Beyond the pump, the consequences are spreading into nearly every corner of the economy.
The Strait of Hormuz, a narrow but critical waterway, has effectively been shut down since late February following military strikes. This single chokepoint typically handles about 20% of the world’s oil and liquefied natural gas shipments. Now, tanker traffic has collapsed by more than 90%, creating one of the most severe supply disruptions since the 1970s oil crisis.
But energy is only part of the story.
Fertilizer shipments have also been heavily impacted, with roughly one-third of global seaborne fertilizer trade passing through the strait. Nearly a million metric tons are now stranded, unable to reach global markets. Prices for key agricultural inputs like urea have skyrocketed, jumping 32% in just one week.
American farmers are already feeling the squeeze. The American Farm Bureau Federation, joined by dozens of other groups, has warned that the disruption is hitting an already fragile farm economy at the worst possible time: planting season.
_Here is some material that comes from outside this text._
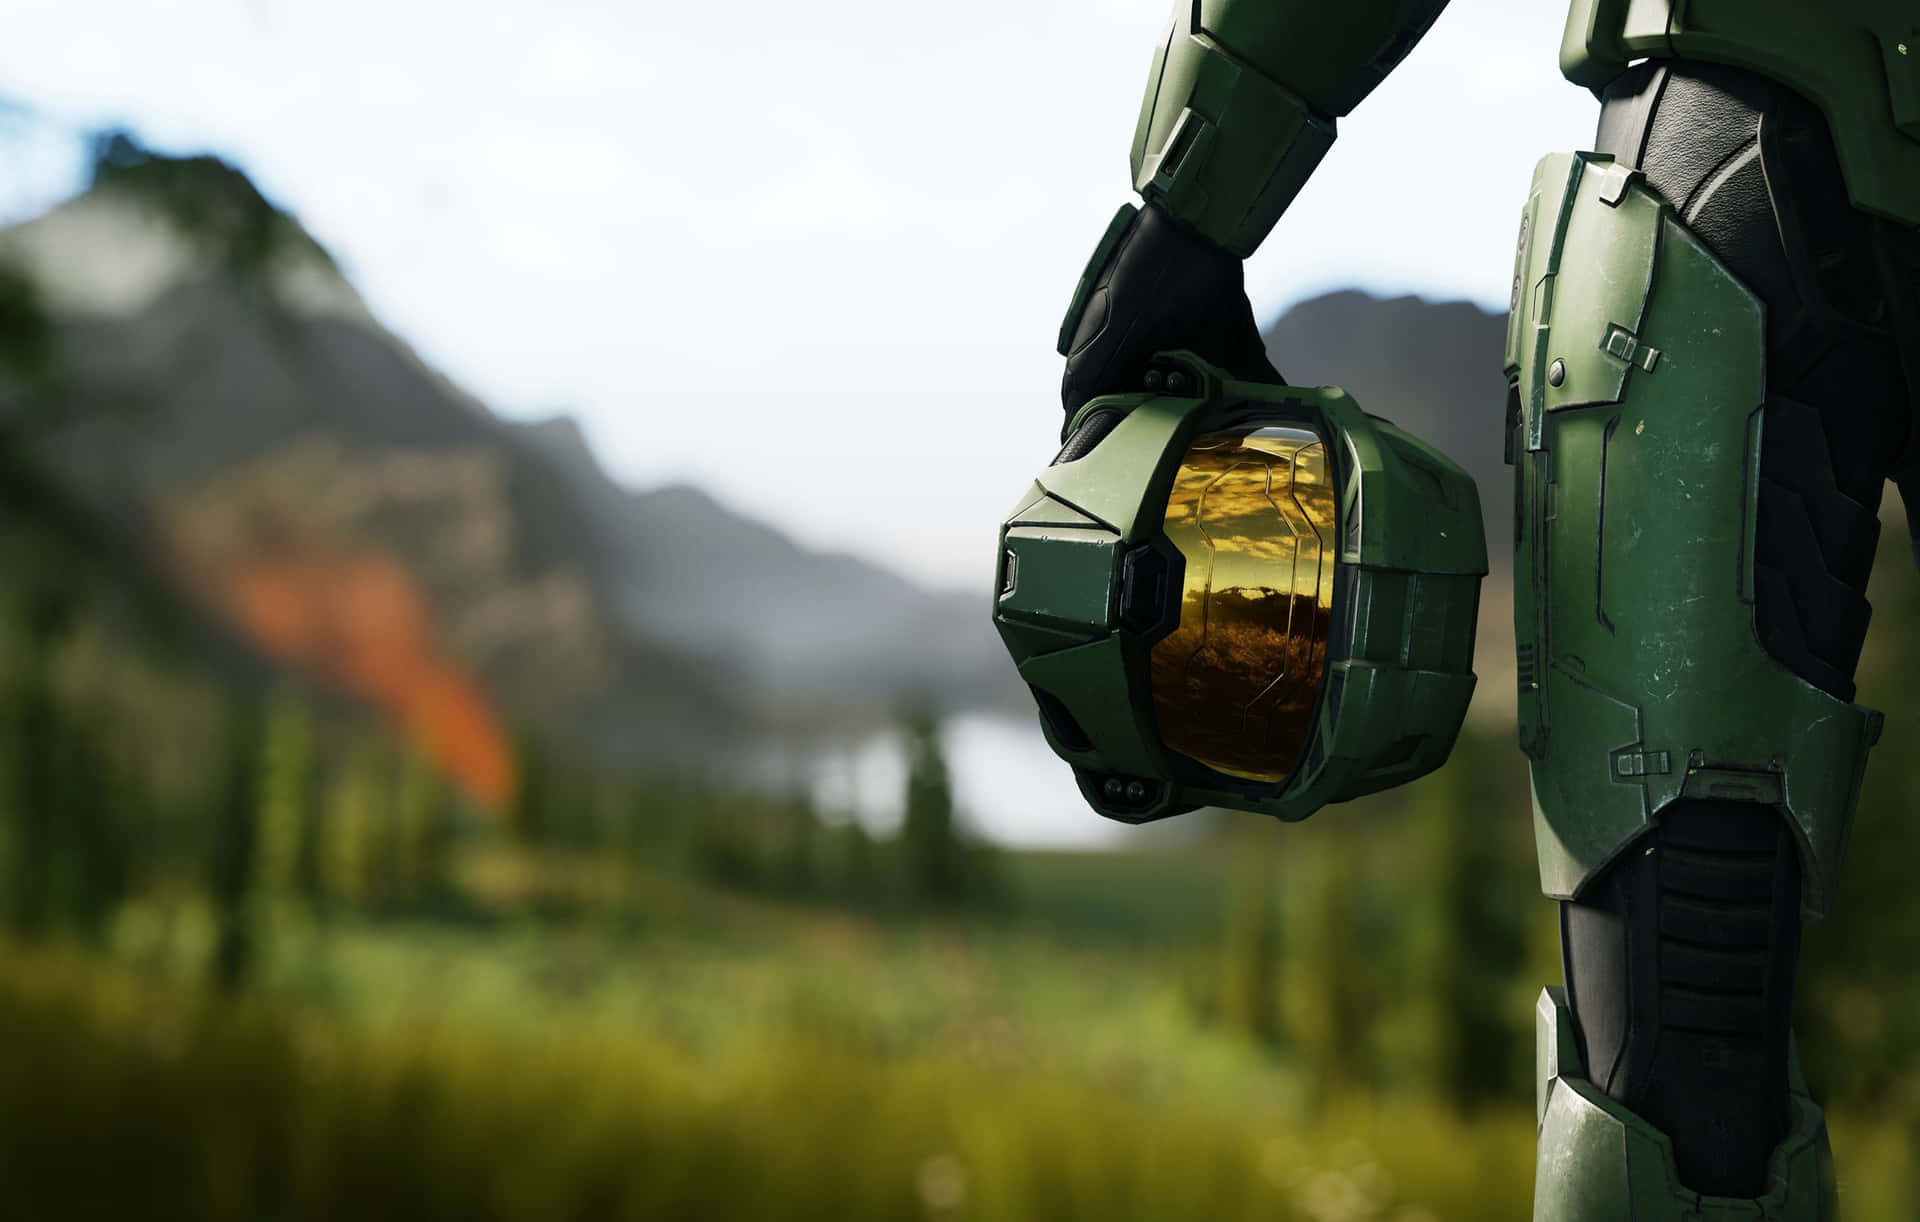 Master Chief is geared up and ready for combat

The ripple effects are unavoidable.
Diesel prices, which power the entire supply chain from farms to grocery stores, are projected to climb above $5 per gallon. Analysts warn this will inevitably push food prices higher, adding more pressure on households already struggling with inflation.
Some forecasts paint an even darker picture. If the conflict drags on, oil prices could spike toward $200 per barrel, potentially sending gasoline prices soaring to $7 per gallon nationwide.
For now, Americans are caught between conflicting signals. On one hand, Trump insists the situation will be resolved in weeks. On the other, escalating military actions and tightening global supply suggest the opposite.
At the center of it all is a growing concern that geopolitical decisions are hitting hardest at home. From the gas pump to the grocery aisle, everyday Americans are already paying the price.
And with no clear end in sight, that cost may only continue to rise.